For the past 10 years, the Moving Picture Experts Group has defined and refined what they've formally titled the "Multimedia Content Description Interface," also known as MPEG-7. MPEG-7, an XML-based, ISO/IEC standard, is an expansive, far-reaching specification that does many, many things (including defining itself and defining the language by which it defines itself and its various parts); what is of particular interest to this proposal is Part 9, "Profiles and Levels." Recognizing that there are many approaches and viewpoints surrounding video asset description (those mentioned above, plus such systems at TV-Anytime, the SMPTE Metadata Dictionary, and even extensions to the Dublin Core standard), MPEG-7 seeks to be a superset of video markup, and the concept of "profiles" as laid out in Part 9 of the spec offers various focused schemas and methodologies that conform to the MPEG-7 spec but serve unique needs. Seeing a need for a general purpose, video-specific description language, Brigham Young University has collaborated with Motorola and the Japanese National Broadcasting Corporation to publish a "Core Description Profile" (CDP), a framework that utilizes MPEG-7 descriptions and provides all the necessary tools for time-coded, segmented, video annotation.
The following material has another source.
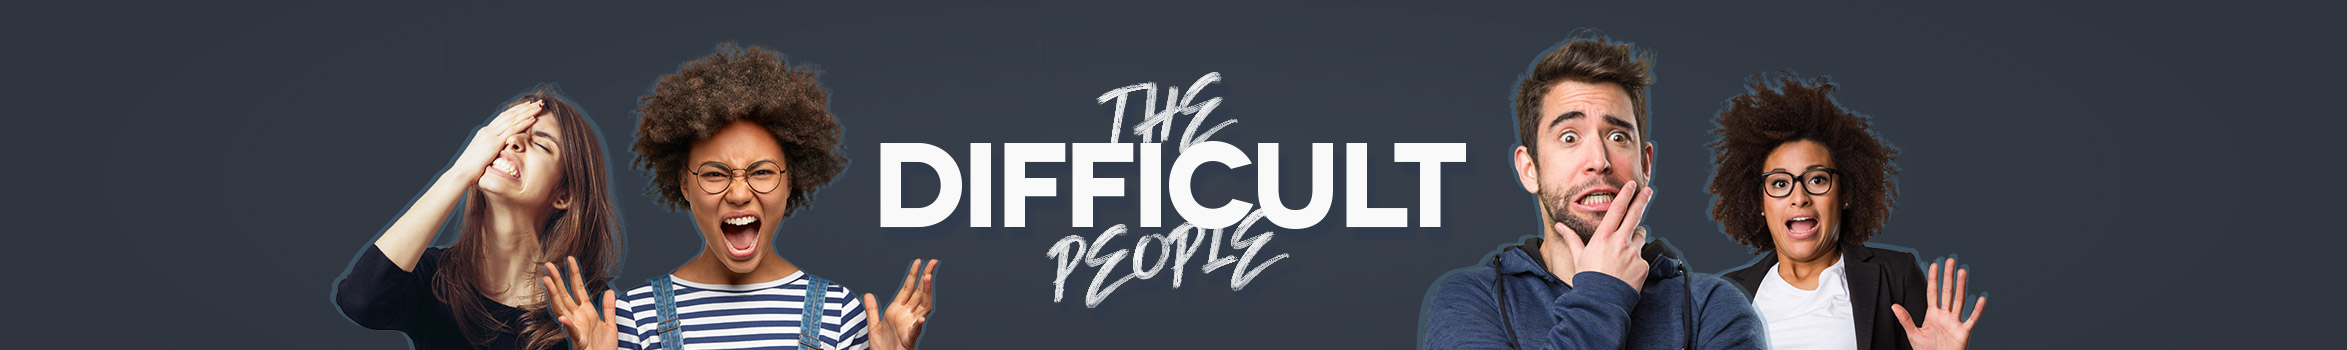 The Difficult People Banner

Every file that conforms to the CDP schema (a schema now included directly as part of the MPEG-7 specification and which has been released as open-source by ISO) must also conform to the MPEG-7 super-schema. In addition to the MPEG-7 root element and any necessary header information, a CDP document has a series of <description> elements that contain <MultimediaContent>; a simple example of such an element might look something like this:
<MultimediaContent xsi:type="VideoType"> <Video id="MainTitle"> <TemporalDecomposition> <VideoSegment id="chapter1"> <TemporalDecomposition> <VideoSegment id="chapter1scene1"> <TextAnnotation type="description"> <FreeTextAnnotation>opening credits; music; village aerial view </FreeTextAnnotation> </TextAnnotation> <MediaTime> <MediaTimePoint>T00:00:00 </MediaTimePoint> <MediaDuration>PT1M24S </MediaDuration> </MediaTime> </VideoSegment> <VideoSegment id="chapter1scene2"> <TextAnnotation type="description"> <!-- other types of annotations are possible as well --> <FreeTextAnnotation>entering church; bells; Count introduced </FreeTextAnnotation> </TextAnnotation> <MediaTime> <MediaTimePoint>T00:01:24 </MediaTimePoint> <MediaDuration>PT0M20S</MediaDuration> </MediaTime> </VideoSegment> <!-- remaining scenes go here --> </TemporalDecomposition> </VideoSegment> <!-- Remaining chapters go here --> </TemporalDecomposition> </Video> </MultimediaContent>
Having been designed as a general-purpose video asset description schema, the CDP is the most promising format for defining video clip boundaries, including metadata and annotations. On the surface it may not seem much different from other markup schemas such as SMIL; however, the real power of the approach lies in combining a CDP-conformant description with other parts of the MPEG-7 specification. First of all, because MPEG-7 is the data description framework for the same group behind the MPEG-2 and MPEG-4 video encoding containers and codecs, MPEG-7 can be easily multiplexed directly into a video container. Additionally, as XML, a CDP video asset description can incorporate any other relevant data through namespacing, including TEI, Dublin Core, RDF relationships, or future information schemas. And finally, because it is a general purpose description framework, it can also be serialized into any needed format such as SMIL, IEEE-LOM (a Learning Object Metadata standard) or CMML (the Continuous Media Markup Language), an XML schema defined by the organization behind the Ogg media formats and promising tight integration with emerging HTML5 video technologies. To project this even further, imagine a robust, RDF-aware repository (such as FEDORA) full of digital video objects that connect video streams to valid MPEG-7 video asset descriptions, making videos easily discoverable, easily searchable, and ultimately, truly semantic. And finally, this approach to video asset description lays the foundation for, to return to Tim Berners-Lee's comment, enabling us to make video playback from computer to person customizable, flexible, and just what we need it to be.
Melby, Alan K.
The video interface that we are all familiar with has garnered universal acceptance. This is true both of the iconic symbols of playback control, as well as the actual functions of control that are allowed. Since the days of very early analog playback, media consumers have been allowed to do pretty much just the following:
There have been a few additions to the list as media (especially video) technology has evolved; for example, with the introduction of laserdisc and subsequently DVD, "return to menu," "next/previous chapter," and "go to title" controls have entered the collective interface. Streaming media has also invoked the need for a "fullscreen toggle" control. And many playback systems are now allowing for the display of certain content-provider defined metadata or even a "scrub" bar for more flexible time placement. But such change comes slowly, and all of these playback controls are very simple, require a good deal of user intervention, and truly limit the video asset's effectiveness as a learning object.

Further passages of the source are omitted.